ISE Seminar Series

Examining Resiliency in Pharmaceutical Drug Supply Chains Incorporating Stakeholder Behaviors

Özlem Ergun.

Özlem Ergun

COE Distinguished Professor and Associate Chair for Graduate Affairs, Mechanical and Industrial Engineering, Northeastern University

March 29, 2024 | 12-12:50 p.m. | 20 Knox Hall

Abstract

The growing epidemic of drug shortages in the United States causes challenges for providers all across the critical health care infrastructure and demonstrates the lack of resiliency within drug delivery supply chains. With many of these drugs having no acceptable substitute, drug shortages directly translate to a public health and safety risk. The underlying causes of shortages include a wide variety of disruptions from manufacturing suspensions due to production challenges to the physical impact of hurricanes on critical manufacturing sites and demand spikes.
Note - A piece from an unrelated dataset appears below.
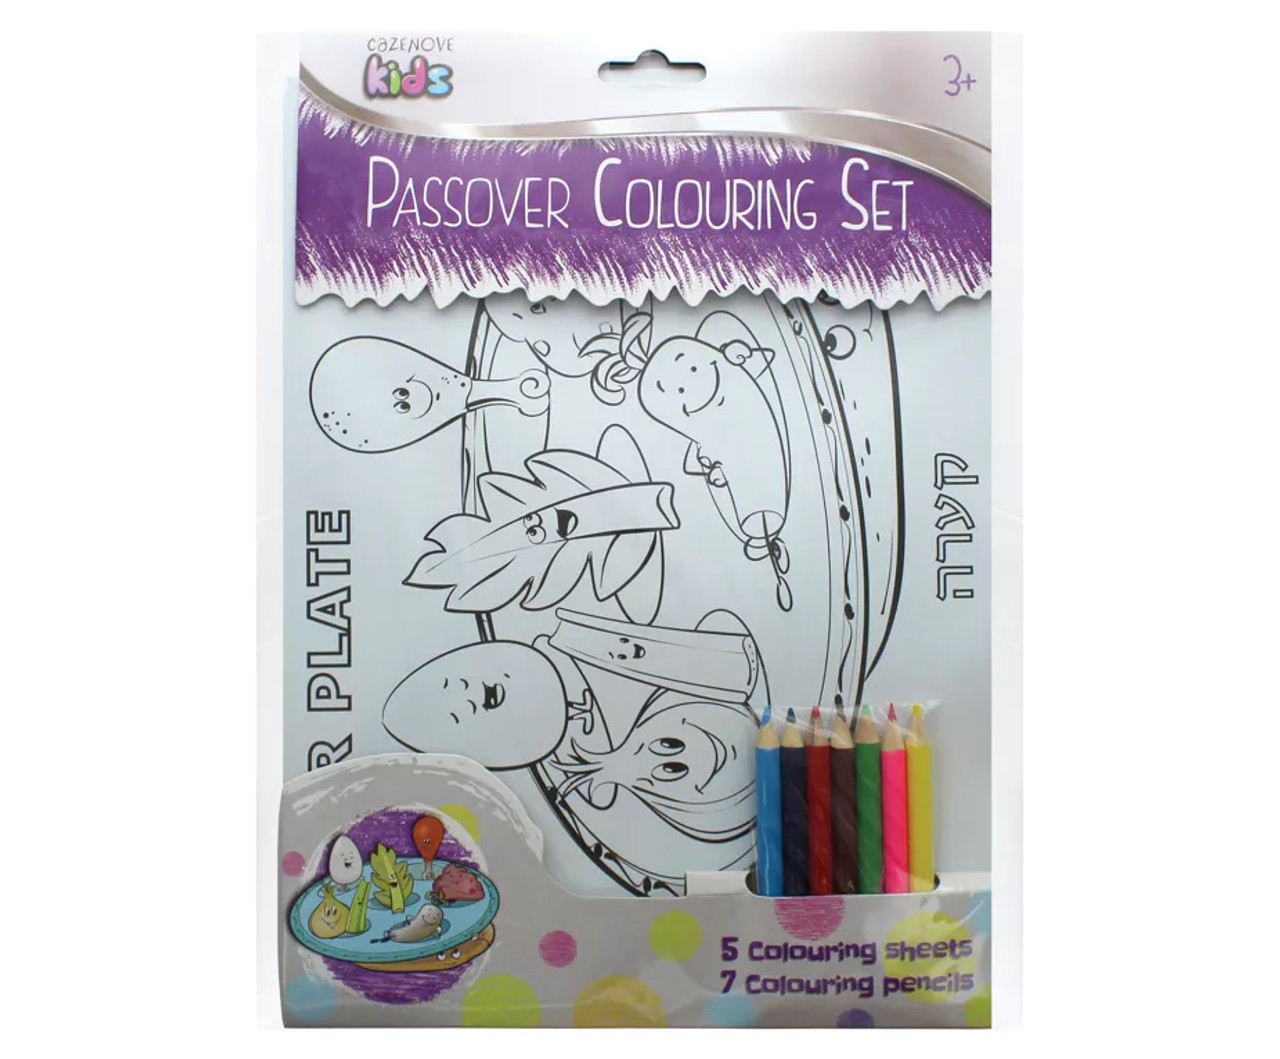 Passover Coloring Set  Buy at the Jewish School Supply Company

While some shortages have been linked to large events, this is not the case for all shortages. One of the understudied elements driving this crisis is the role of stakeholder behavior and decision-making practices across the supply chain echelons. We present an integrated simulation framework, which allows for instantiating, testing, and improving supply chains when accounting for behavioral components of the system. We examine how manufacturing disruptions in a pharmaceutical supply chain impact evolving trust dynamics among the stakeholders during and after a disruption and study the implications of these dynamics for the supply chain performance.

Bio

Dr. Özlem Ergun is a College of Engineering Distinguished Professor and Associate Chair for Graduate Studies in Mechanical and Industrial Engineering at Northeastern University. Dr. Ergun’s research focuses on design and management of large-scale and decentralized networks. She has applied her work on network design, management, and resilience to problems arising in many critical systems including transportation, pharmaceuticals, and healthcare. She has worked with organizations that respond to emergencies and humanitarian crises around the world, including USAID, UN WFP, UNHCR, IFRC, OXFAM America, CARE USA, FEMA, USACE, CDC, AFCEMA, and MedShare International. Recently, Dr. Ergun partnered with the Massachusetts’ Executive Office of Elder Affairs (EOEA) to help match qualified medical professionals to Long Term Care facilities with open positions around the state as part of the state’s response efforts to COVID19. Dr. Ergun also served as a member of the National Academies Committee on Building Adaptable and Resilient Supply Chains after Hurricanes Harvey, Irma, and Maria and the National Academies Committee on Security of America’s Medical Supply Chain. She was the President of INFORMS Section on Public Programs, Service and Needs in 2013 and is an INFORMS fellow. She served as the Area Editor at the Operations Research journal for Policy Modeling Public Sector Area and currently serves as the Department Co-Editor at MSOM journal for Environment, Health and Society Department. Prior to joining Northeastern Dr. Ergun was the Coca-Cola Associate Professor in the School of Industrial and Systems Engineering at Georgia Institute of Technology, where she also co-founded and co-directed the Health and Humanitarian Systems Research Center at the Supply Chain and Logistics Institute. She received a BS in Operations Research and Industrial Engineering from Cornell University in 1996 and a PhD in Operations Research from the Massachusetts Institute of Technology in 2001.